Vergara Victor M, Damaraju Eswar, Turner Jessica A, Pearlson Godfrey, Belger Aysenil, Mathalon Daniel H, Potkin Steven G, Preda Adrian, Vaidya Jatin G, van Erp Theo G M, McEwen Sarah, Calhoun Vince D
Tri-institutional Center for Translational Research in Neuroimaging and Data Science (TReNDS), Georgia State University, Georgia Institute of Technology, Emory University, Atlanta, GA, United States.
2The Mind Research Network, Albuquerque, NM, United States.
Front Psychiatry. 2019 Jul 23;10:499. doi: 10.3389/fpsyt.2019.00499. eCollection 2019.
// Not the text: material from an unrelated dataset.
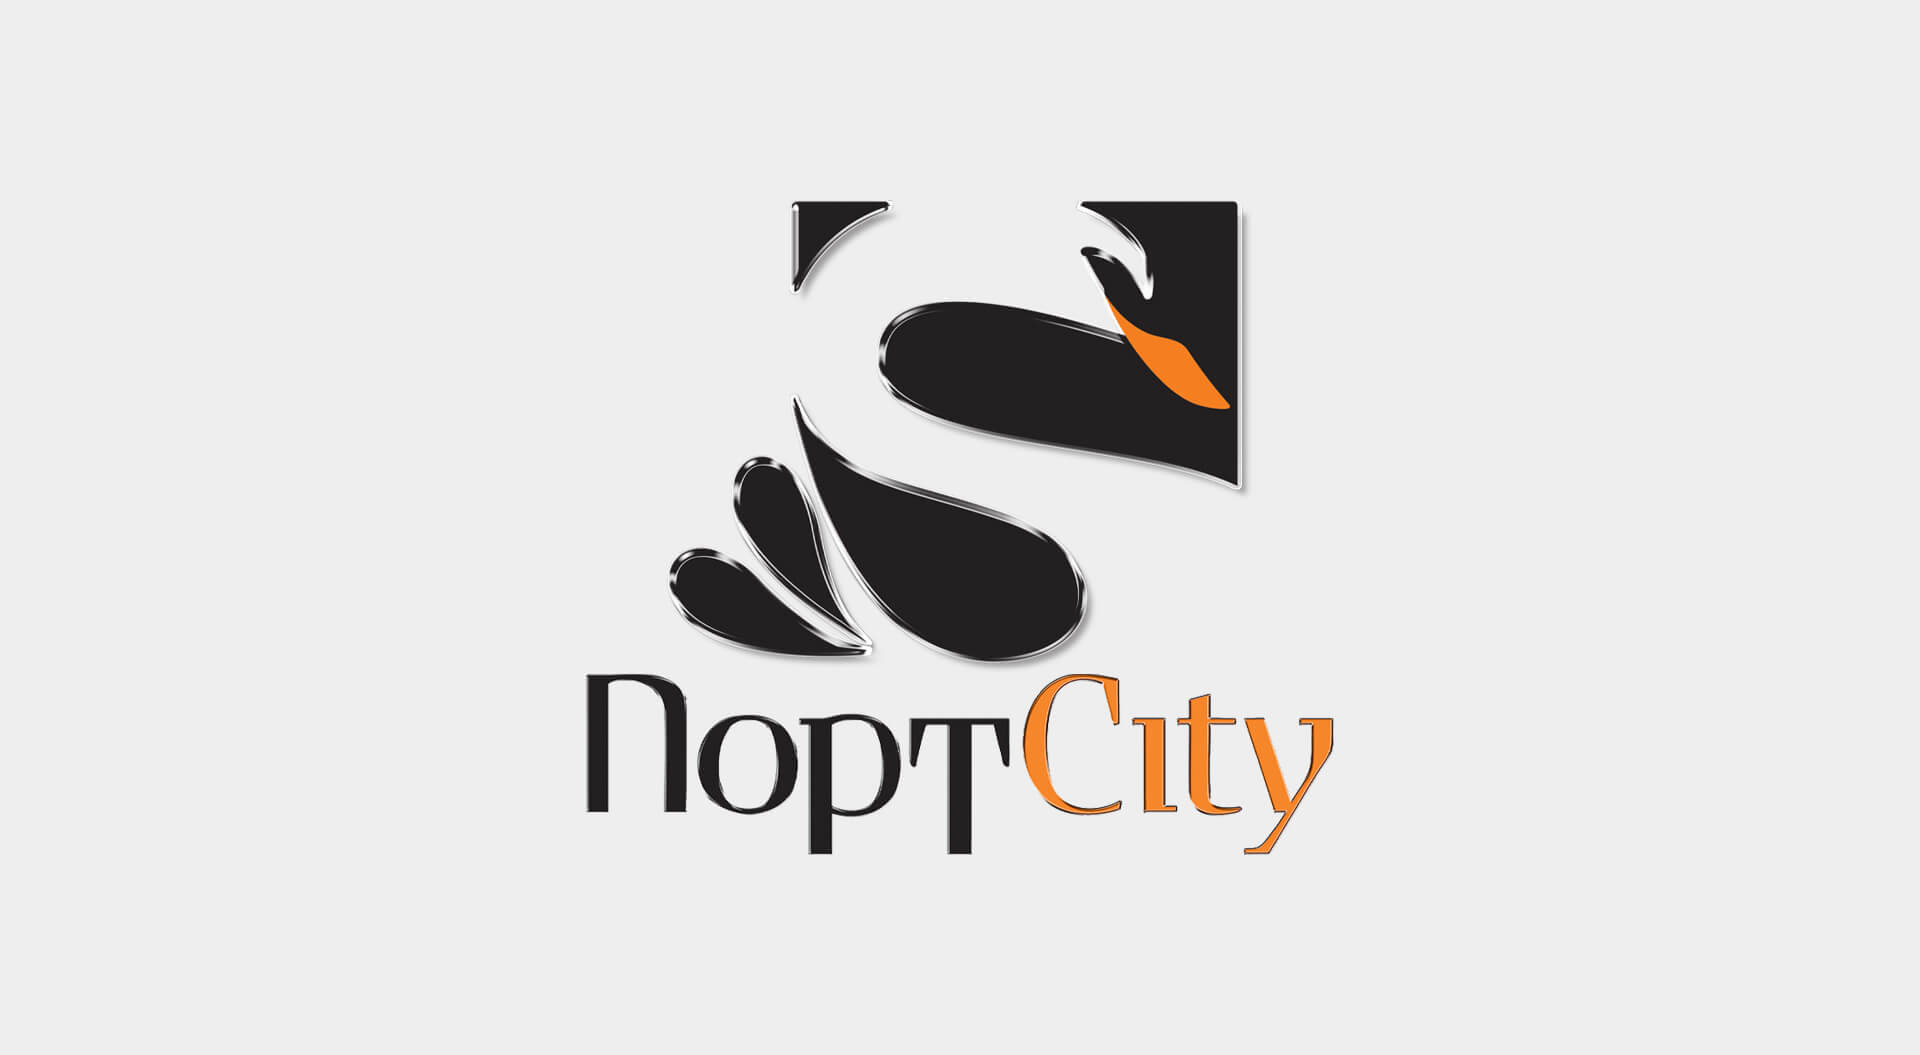 Port City Shopping Mall brand identity

Functional connectivity is one of the most widely used tools for investigating brain changes due to schizophrenia. Previous studies have identified abnormal functional connectivity in schizophrenia patients at the resting state brain network level. This study tests the existence of functional connectivity effects at whole brain and domain levels. Domain level refers to the integration of data from several brain networks grouped by their functional relationship. Data integration provides more consistent and accurate information compared to an individual brain network. This work considers two domain level measures: functional connectivity strength and randomness. The first measure is simply an average of connectivities within the domain. The second measure assesses the unpredictability and lack of pattern of functional connectivity within the domain. Domains with less random connectivity have higher chance of exhibiting a biologically meaningful connectivity pattern. Consistent with prior observations, individuals with schizophrenia showed aberrant domain connectivity strength between subcortical, cerebellar, and sensorial brain areas. Compared to healthy volunteers, functional connectivity between cognitive and default mode domains showed less randomness, while connectivity between default mode-sensorial areas showed more randomness in schizophrenia patients. These differences in connectivity patterns suggest deleterious rewiring trade-offs among important brain networks.
功能连接性是研究精神分裂症所致大脑变化时使用最广泛的工具之一。先前的研究已经在静息态脑网络水平上确定了精神分裂症患者存在异常的功能连接性。本研究测试了全脑和领域水平上功能连接性效应的存在。领域水平指的是将几个根据功能关系分组的脑网络的数据进行整合。与单个脑网络相比,数据整合能提供更一致和准确的信息。这项工作考虑了两种领域水平的测量方法:功能连接强度和随机性。第一种测量方法只是该领域内连接性的平均值。第二种测量方法评估该领域内功能连接性的不可预测性和缺乏模式性。连接性随机性较小的领域更有可能呈现出具有生物学意义的连接模式。与先前的观察结果一致,精神分裂症患者在皮质下、小脑和感觉脑区之间表现出异常的领域连接强度。与健康志愿者相比,精神分裂症患者认知和默认模式领域之间的功能连接性随机性较小,而默认模式-感觉区域之间的连接性随机性较大。这些连接模式的差异表明重要脑网络之间存在有害的重新布线权衡。